→ DATA SHOWN
○ ○ ○ ○ ○

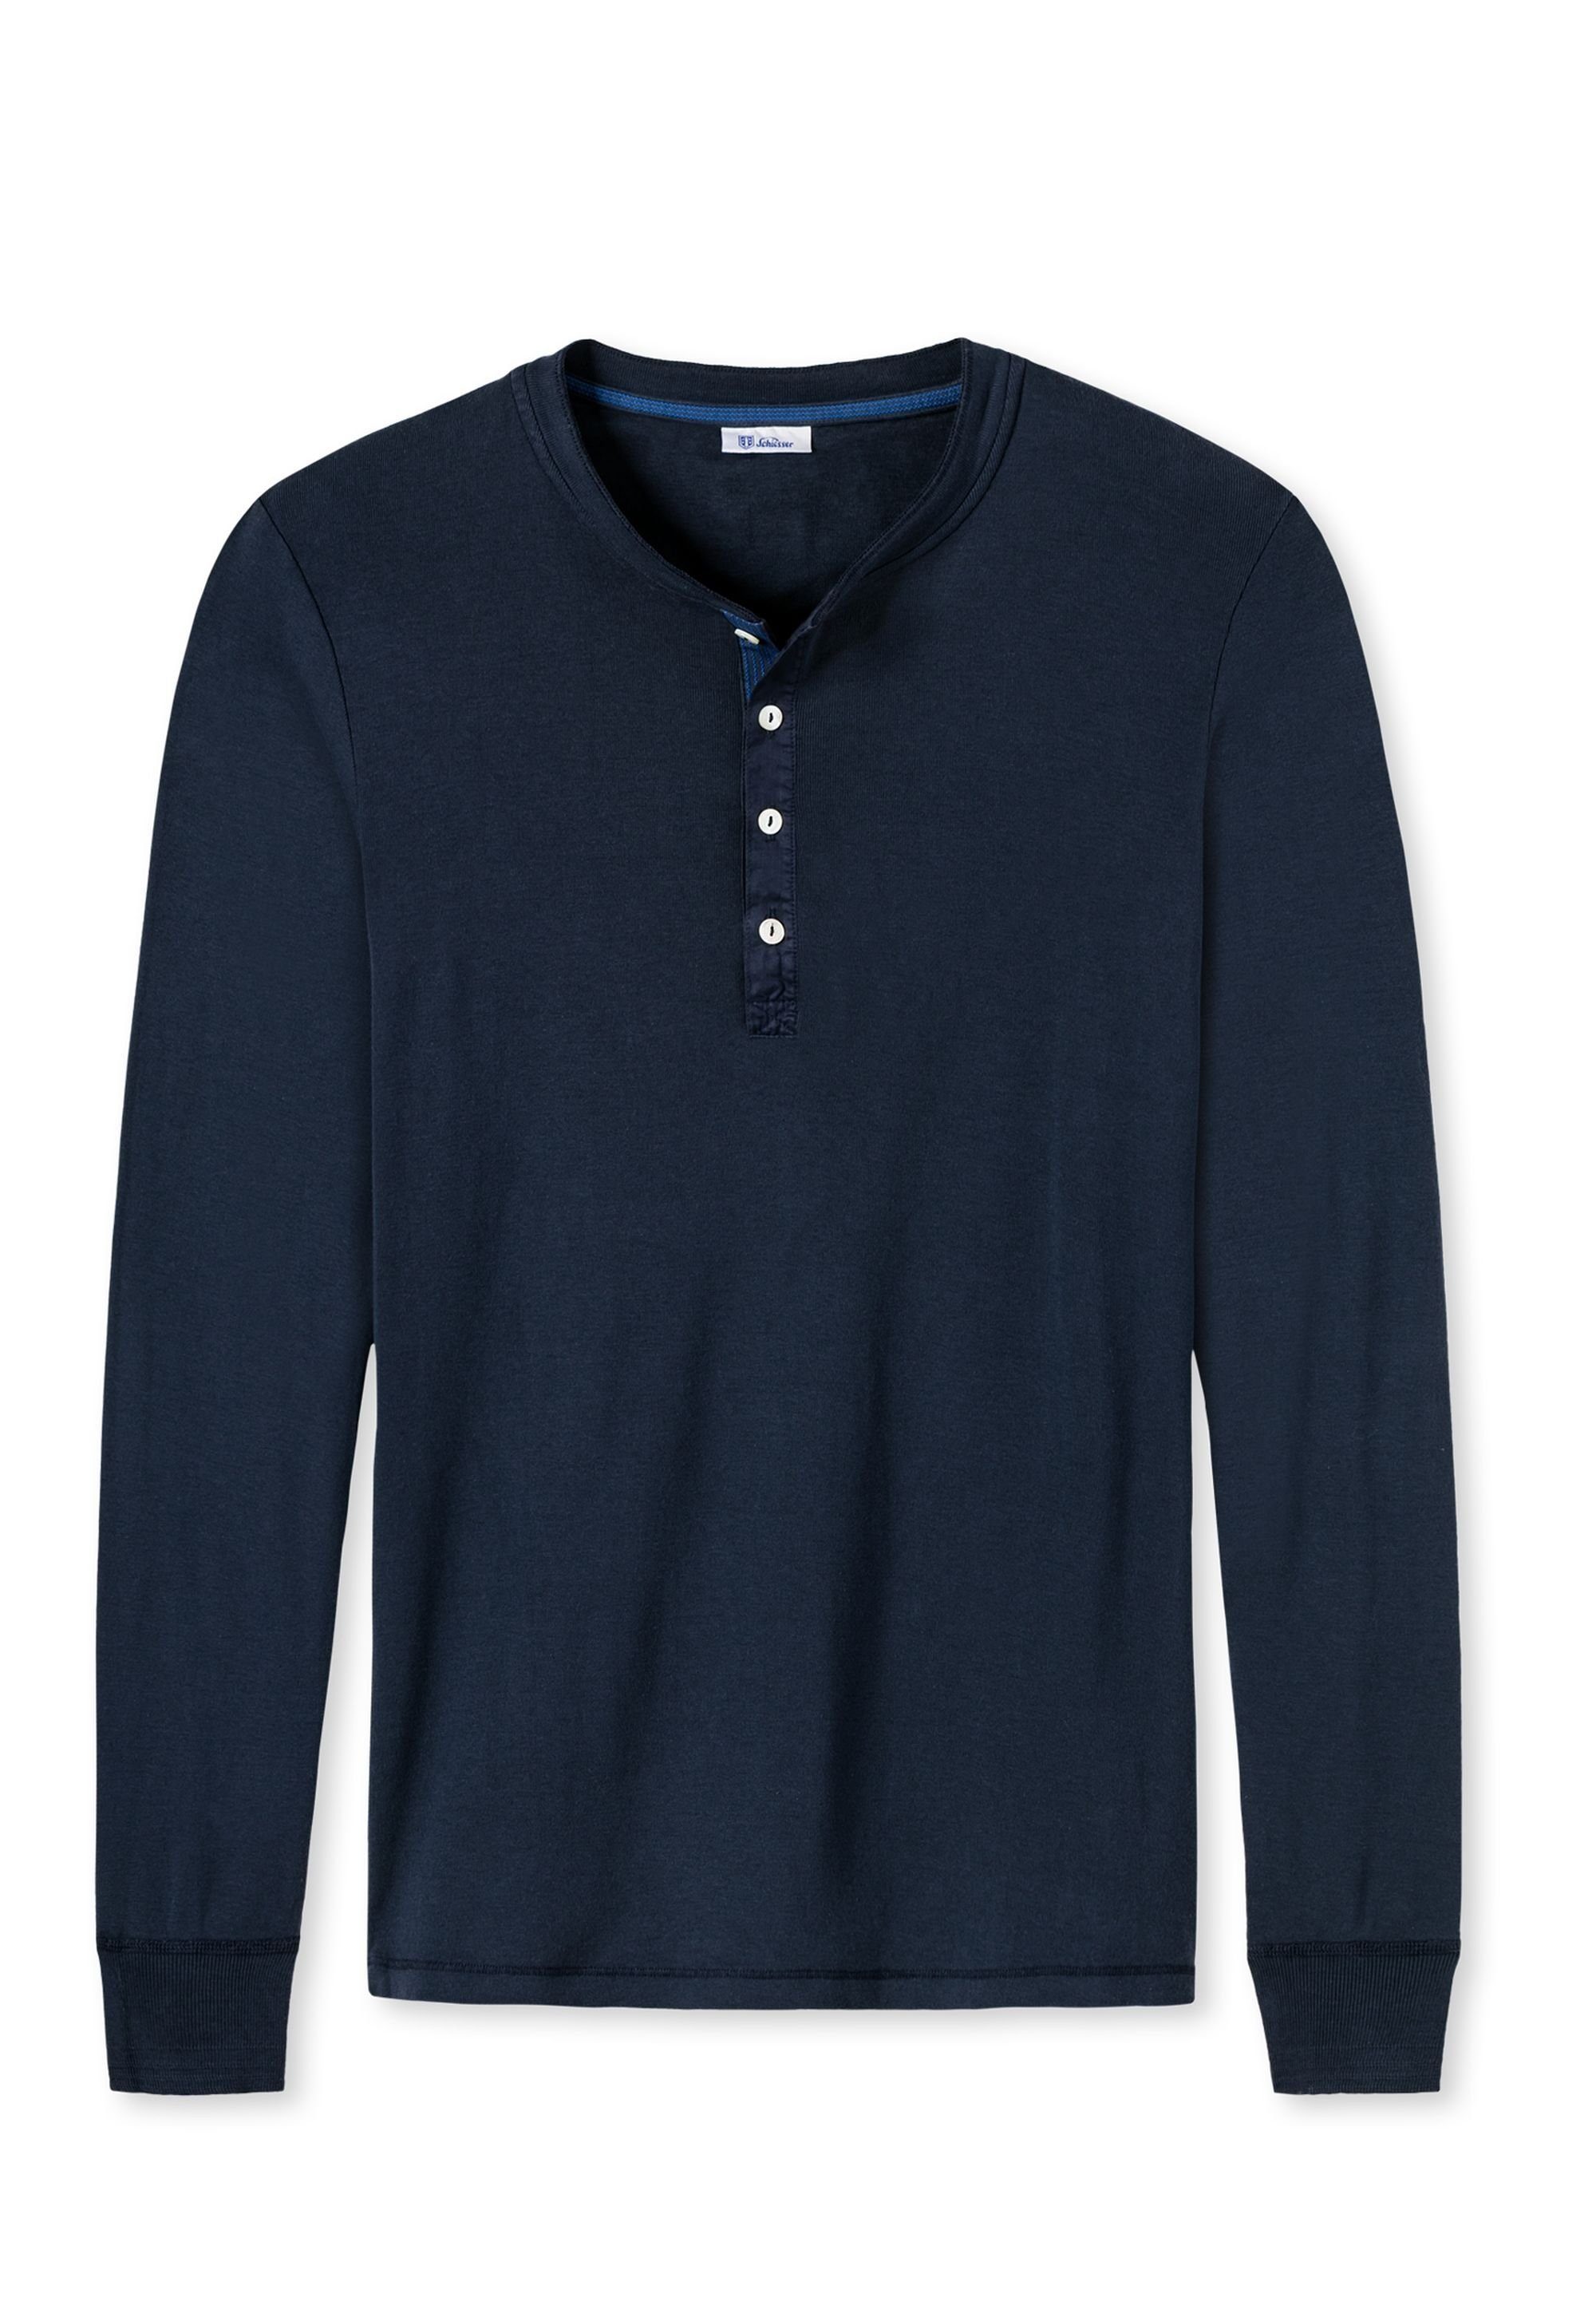 Blau Heinz Herren Shirt SCHIESSER Langarm, Unterhemd, - REVIVAL T-Shirt Karl
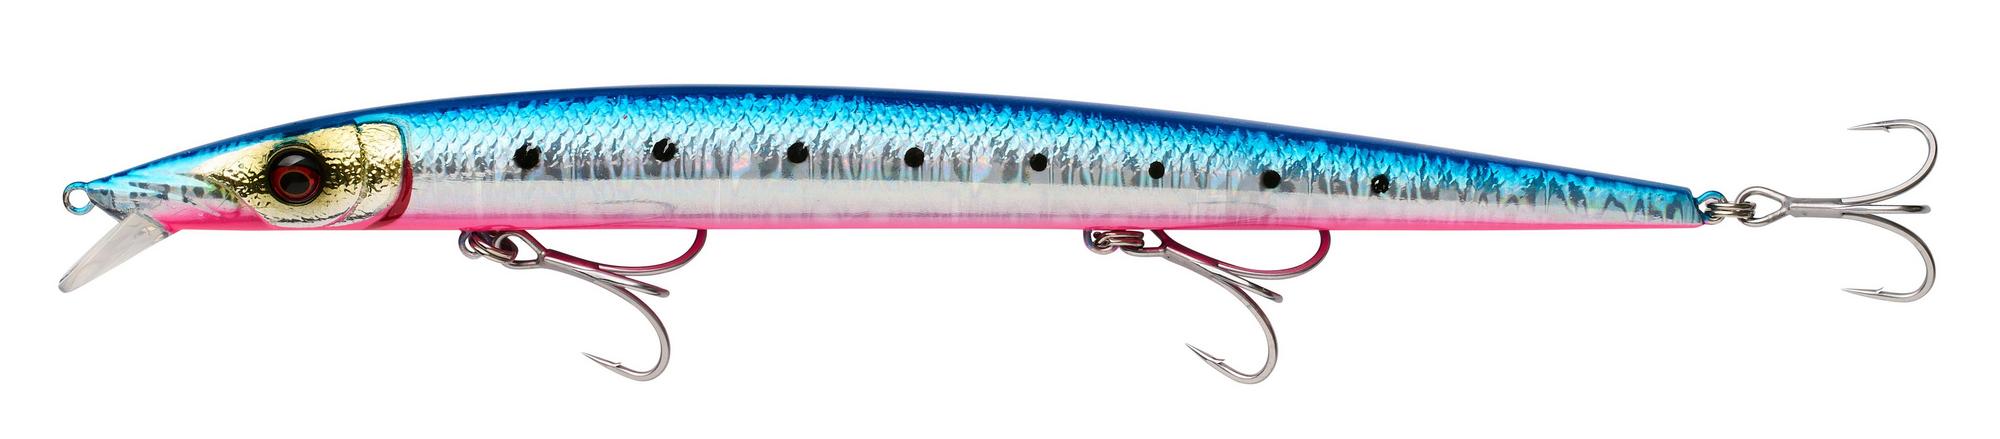 Savage Gear Barra Jerk Marine Fishing Lures  21cm (38g) - Pinkbelly Sardine
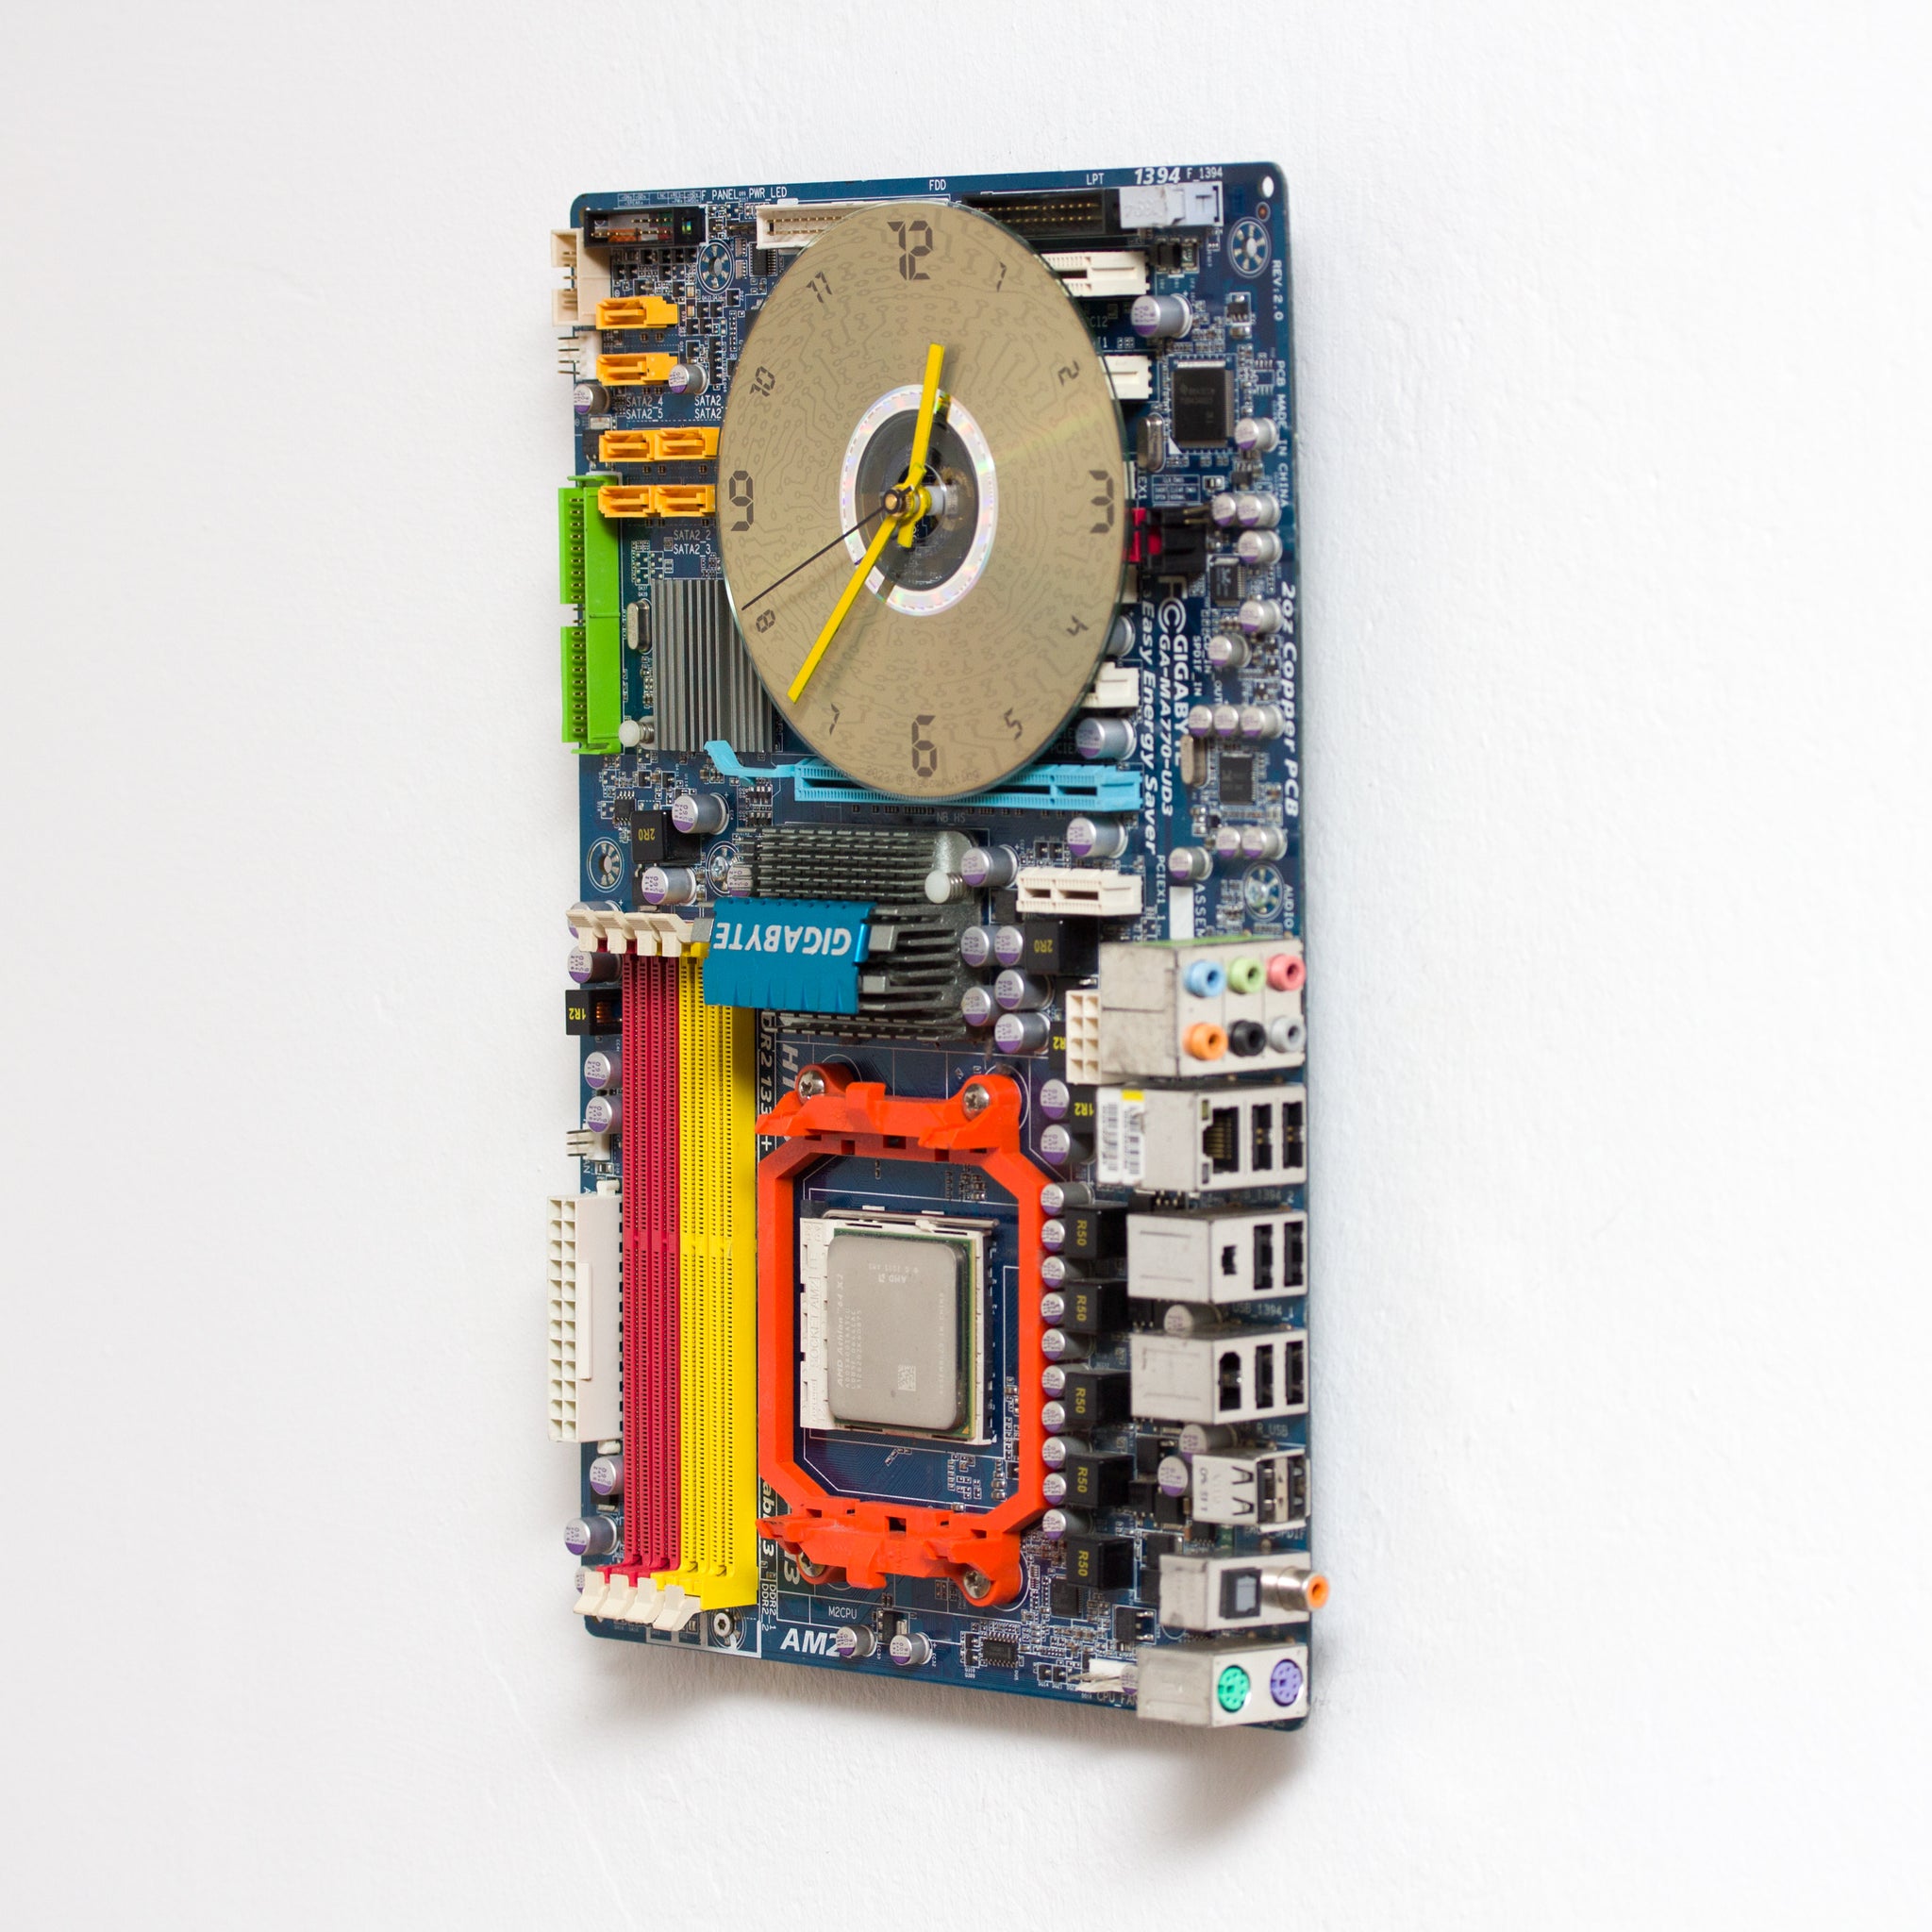 Geeky Wall Clock made of blue Circuit Board

○ ○ ○ ○ ○

→ WHAT YOU WILL DO
Copy out, with no pictures, the lines from the one containing "Savage Gear Barra" through the last line of the data above, both ends included and each word unchanged.

→ YOUR RESPONSE
 Savage Gear Barra Jerk Marine Fishing Lures  21cm (38g) - Pinkbelly Sardine
 Geeky Wall Clock made of blue Circuit Board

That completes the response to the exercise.